The account has been sending small sums of Ethereum-based tokens – some of which appear to have little to no value – to a variety of exchange accounts, as well as Ethereum inventor Vitalik Buterin and Ukrainian cryptocurrency fundraiser accounts. But Lai guesses that these transactions are likely meant to simply complicate the picture for law enforcement or other observers before any real attempt to launder or cash out the money.
More tellingly, Tobias Silver, founder of crypto service Just.Money, pointed out on Twitter that one of the thieves’ transactions appeared to have been paid for with transaction fees funded from an account on the Kraken cryptocurrency exchange, which is likely required to possess identifying information for that account under “know-your-customer” laws.
Kraken’s chief security officer, Nicholas Percoco, later tweeted, “We know the identity of the user.” When Wired reached out to Percoco for comment, a Kraken spokesperson responded in a statement that “we have actively monitored recent developments with the FTX estate, are in contact with law enforcement and have frozen Kraken account access to certain funds we suspect to be associated with ‘fraud, negligence or misconduct’ related to FTX (as set forth in our Terms of Service).”
The looting of FTX – whether the theft totals $338 million or $477 million – hardly represents an unprecedented haul in the world of cryptocurrency crime. In the late-March hack of the Ronin bridge, a gaming cryptocurrency exchange, North Korean thieves took $540 million. And earlier this year, cryptocurrency tracing led to the bust of a New York couple accused of laundering $4.5 billion in crypto.
But in the case of the high-profile FTX theft and the exchange’s overall collapse, tracing the errant funds might help put to rest—or confirm—swirling suspicions that someone within FTX was responsible for the theft. The company’s Bahamas-based CEO, Sam Bankman-Fried, who resigned Friday, lost virtually his entire $16 billion fortune in the collapse. According to an unconfirmed report from CoinTelegraph, he and two other FTX executives are “under supervision” in the Bahamas, preventing them from leaving the country.
Reuters also reported late last week that Bankman-Fried possessed a “back door” that was built into FTX’s compliance system, allowing him to withdraw funds without alerting others at the company.

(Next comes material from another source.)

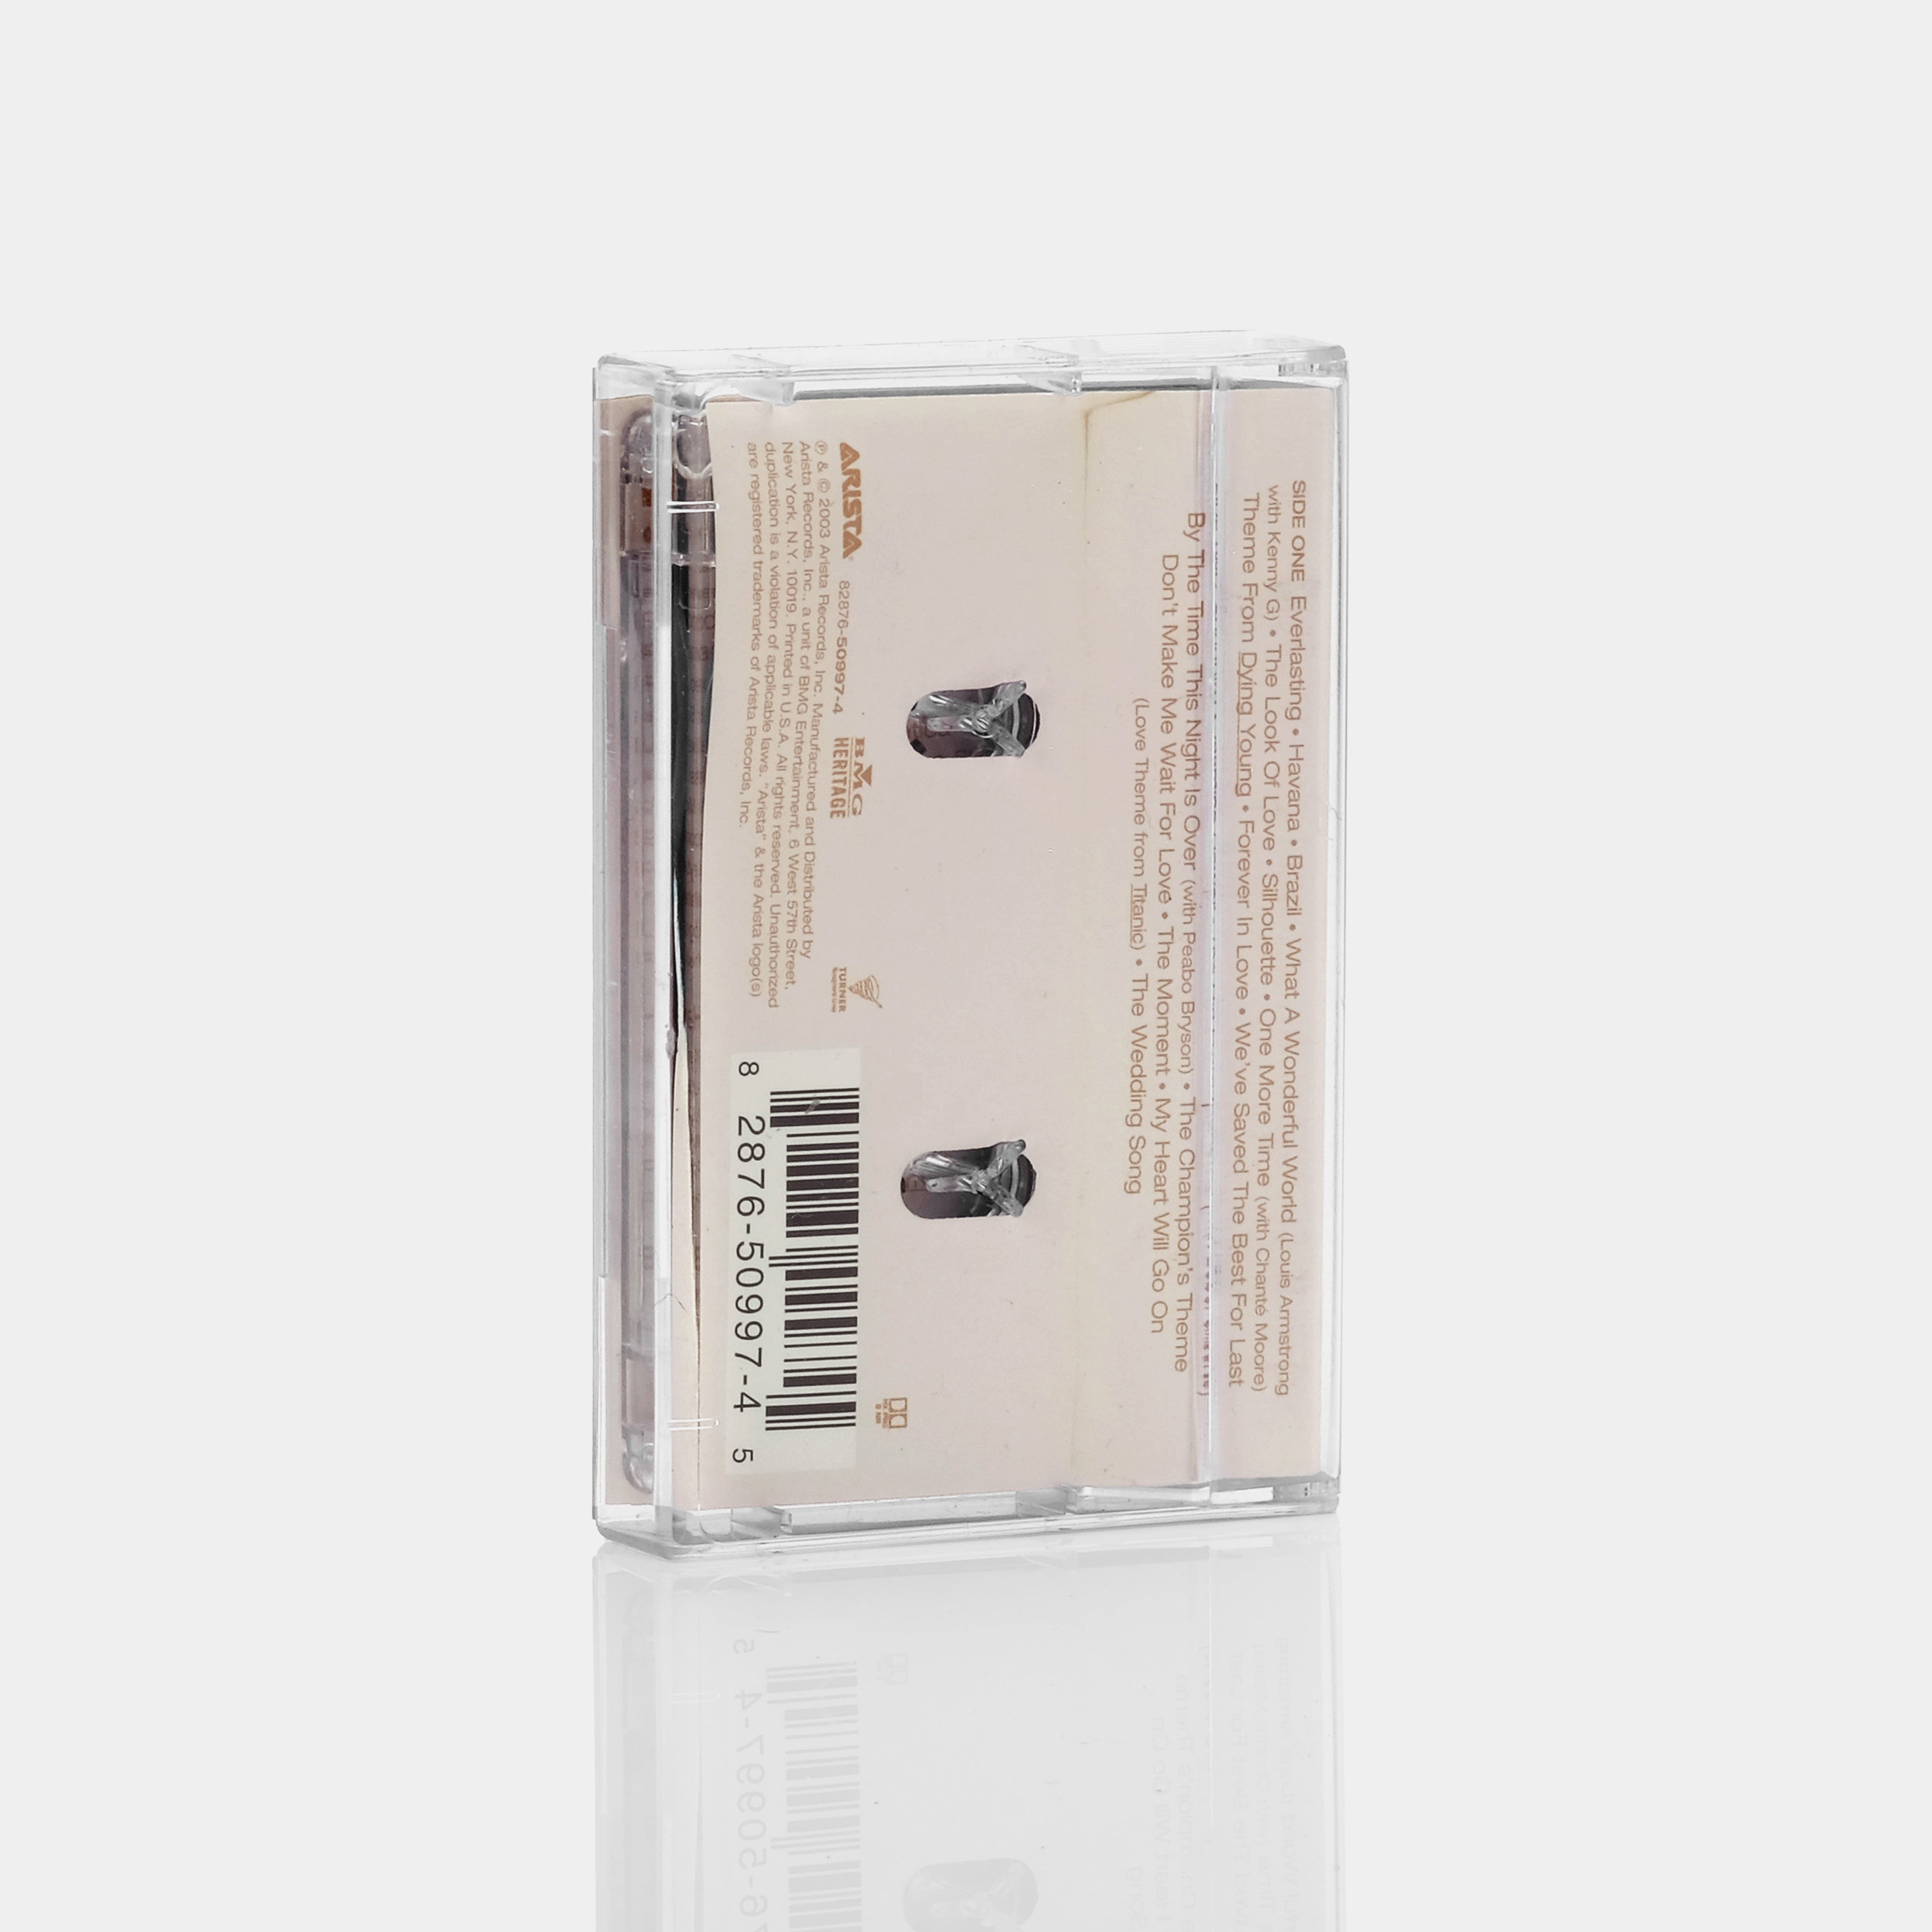 Kenny G - Ultimate Kenny G Cassette Tape

Despite those suspicions, TRM Labs’ Janczewski points out that the chaos of FTX’s meltdown might have provided an opportunity for hackers to exploit panicked employees and trick them into, say, clicking on a phishing email.
Or, as Michelle Lai notes, bankrupted insider employees might have collaborated with hackers as a means to recover some of their own lost assets.
As the questions mount over whether – or to what degree – FTX’s own management might be responsible for the theft, the case has begun to resemble, more than any recent crypto heist, a very old one: the theft of a half billion dollars’ worth of bitcoins, discovered in 2014, from Mt Gox, the first cryptocurrency exchange.
In that case, blockchain analysis carried out by cryptocurrency tracing firm Chainalysis, along with law enforcement, helped to pin the theft on external hackers rather than Mt Gox’s own staff. Eventually, Alexander Vinnik, a Russian man, was arrested in Greece in 2017 and later convicted of laundering the stolen Mt Gox funds, exonerating Mt Gox’s embattled executives.
Whether history will repeat itself, and cryptocurrency tracing will prove the innocence of FTX’s staff, remains far from clear. But as more eyes than ever scour the cryptocurrency economy’s blockchains, it’s a sure bet that the whodunit behind the FTX theft will, sooner or later, produce an answer.